最近の体系的レビューにより、LBPの管理に、症状が改善する運動方向を取り入れることが効果的であるとの結果が得られました。

Surkittらは、6件の異なるランダム化比較試験を評価し、症状を改善する運動方向で介入を行うと、他の介入に比べ、より良好な結果が得られたことが証明されました。
また、Longらによる一連の症例研究では、症状を改善する運動方向に反する運動療法を受けたLBPお客は施術結果が思わしくなかったこと、施術のパラメーターを修正し、お客にとって好ましい運動方向と一致させた時点で症状が改善に転じたことが記載されています。

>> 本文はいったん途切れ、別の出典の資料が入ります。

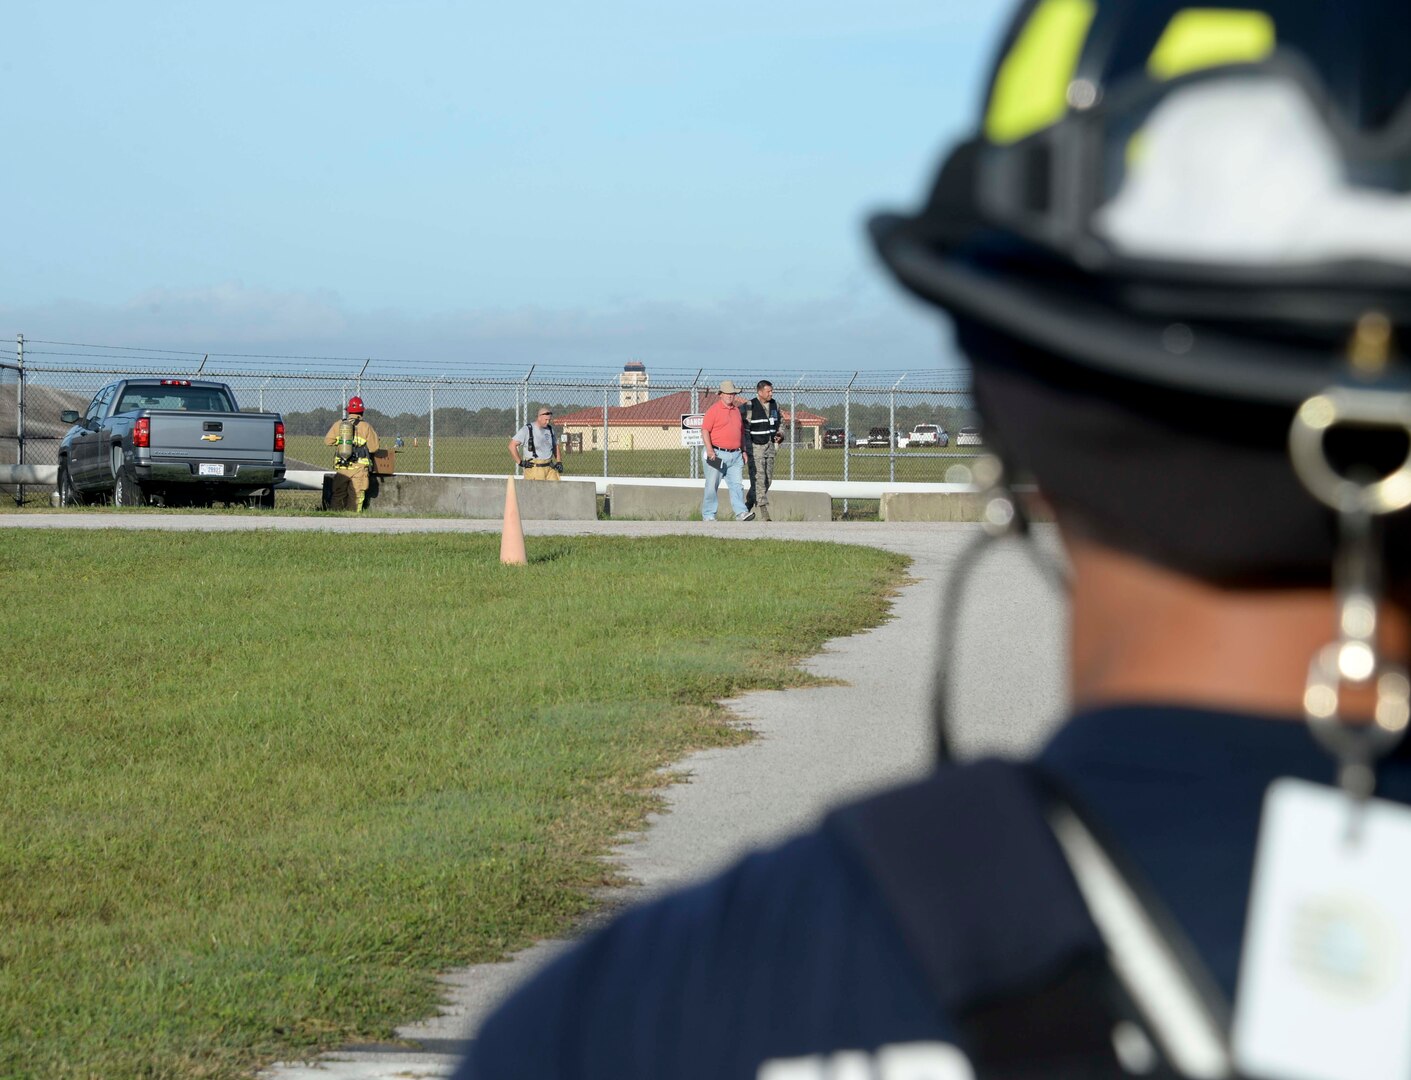 A firefighter from the 6th Civil Engineer Squadron looks on as other firefighters check for environmental damage during an Emergency Management exercise at MacDill Air Force Base, Fla., Sept. 13, 2016. The exercise simulated a fuel spill that resulted from a vehicle accident. (U.S. Air Force photo by Senior Airman Vernon L. Fowler Jr.)

さらに、大規模なランダム化比較試験では、症状を改善する運動方向を決定する標準化診断を行ない、急性、亜急性また慢性のLBPを有する312名のお客を評価しました。

研究者らは、好ましい運動方向と一致しない介入を受けたクライアントに比べて、一致する介入を受けたお客のほうが、症状が有意に改善したことを明らかにしました(p<0.001)。